Geçmiş yıllarda SMA hastalığını bebeklikte ortaya çıkması ortalama 2 iki yıllık bir yaşam süresi demekti. Fakat günümüzde tıp uzmanları SMA hastalığını bir süreç olarak kabul etmekte ve hastalığın seyri açısından bu tür tahminlerin doğru olmadığını söylemektedirler.  Yine de hala SMA bebeklerde genetik kaynaklı en fazla görülen ölüm nedenidir.

SMA hastalığını bütün belirtilerini toplamak gerekirse;  Motor gelişim eksikliğine yol açan zayıf kaslar ve güçsüzlük, azalmış refleksler, sık düşme, ellerde titreme, baş kontrolünü sağlayamama, beslenme güçlüğü, cılız ses ve zayıf öksürük, dil seğirmesi kramp ve yürüme yeteneği kaybı, yaşıtlarından geri kalma oturma, ayakta durma ve yürümede zorluk gibi sıralamak mümkündür.

İlginizi çekebilecek diğer yazılarımız: Akdeniz Ateşi Hastalığı nedir?

SMA HASTALIĞININ TİPLERİ

SMA hastalığının 4 farklı tipi vardır. Bu tip sınıflandırması hastalığın başladığı yaşı ve yapabildiği hareketleri temsil eder. SMA’nın belirtilerin gösterdiği yaş ne kadar ileri yaş olursa o kadar iyidir. Çünkü hastalığın seyri o kadar hafif ilerler.

TİP 1 SMA

6 aylık ve daha küçük bebeklerde belirti görülürse bu tip-1 SMA demektir. En ağır olan tip budur. Tip-1’de gebeliğin son zamanlarında bebek hareketlerinin yavaşlaması gözlenebilir. Hipotonik bebek de denebilen tip-1 SMA hastalarının en büyük belirtisi hareket azlığı, baş kontrolünün olmaması ve genellikle sık karşılaşılan solunum yolu enfeksiyonudur.

Bu enfeksiyon sonucunda bebeklerin akciğer kapasitelerinde daralma meydana gelir. Bir süre sonra nefes solunum desteği almak zorunda kalır. Bebeklerde aynı zamanda yutma, emme gibi temel becerileri bulunmayan bebeklerin, kol ve bacakları hareket etmemeye başlar. İletişimlerini sadece anlamlı bakışları ile göz kontağı kurarak sağlayabilirler.

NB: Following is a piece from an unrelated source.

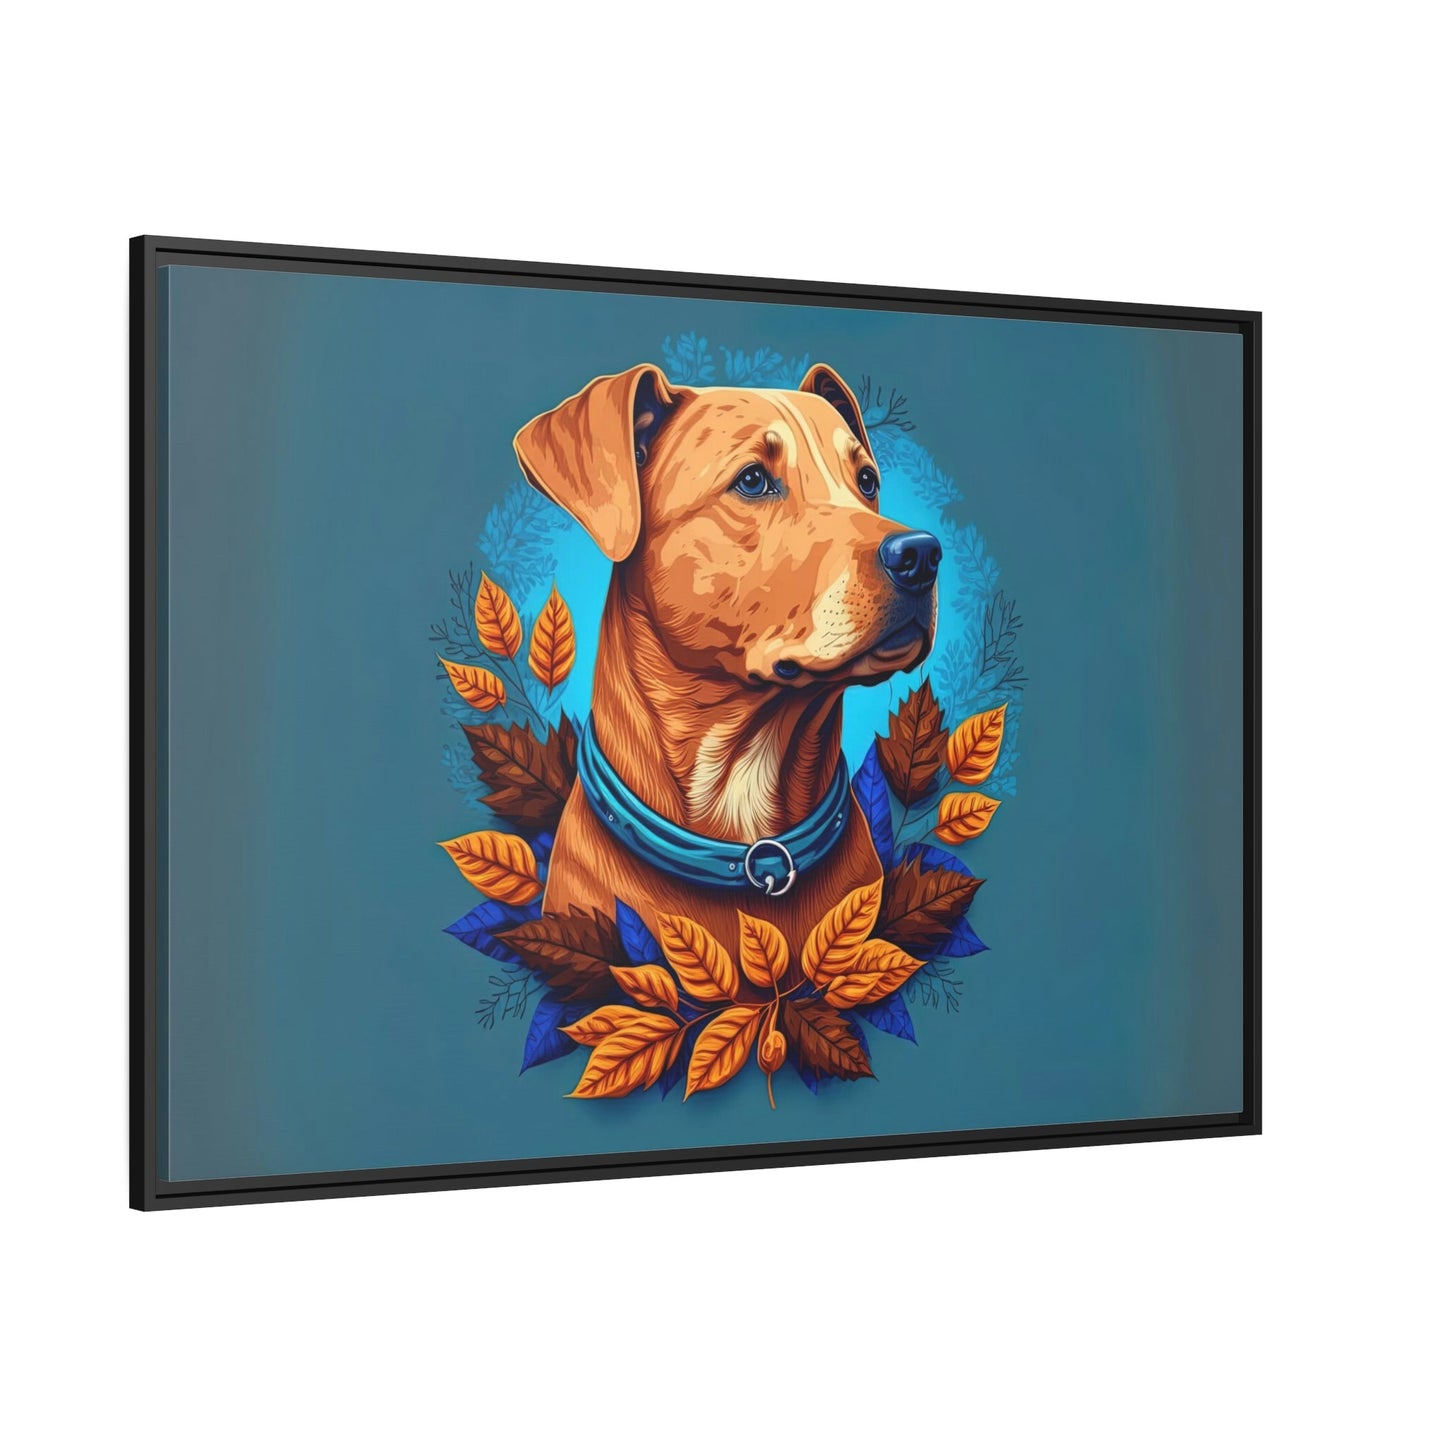 Puppy Love: Print on Canvas of Adorable Puppies on Framed Canvas

Tıp-1 SMA, bebek ölülerinin dünyada en sık görülen sebebidir.

TİP-2 SMA

6-18 ay bebeklerde görülür. Bu döneme kadar bebeğin gelişimi normalken bu dönemde belirtiler oluşmaya başlar. Tip-2 hastaları başlarını kontrol edebilir ve tek başlarına oturabilirler. Ancak desteksiz ayakta duramaz ve yürüyemezler. Kendi başlarına doğrulamazlar. Ellerde titreme, güçsüzlük kilo alamama ve öksürük gözlemlenebilir. Skolyoz denilen omurilik eğirildikleri de görülebilmektedir. Bu tipteki hastalarda genellikle solunum yolu enfeksiyonu olabilmektedir.

TİP-3 SMA

Bu tipteki hastalarda belirtiler 18. Aydan itibaren başlar. Bu döneme kadar gelişmeleri normaldir. Hatta SMA belirtilerinin fark edilmesi ergenlik dönemini bulabilir. Bu tipteki SMA hastalarının gelişimi yaşıtlarından yavaş kalır. Hastalığın ilerlemesi ile kaç güçsüzlükleri, ayağa kalkmakta zorluk, merdiven çıkamama, ani kramp girmesi, koşamama ve sık sık düşme görülür.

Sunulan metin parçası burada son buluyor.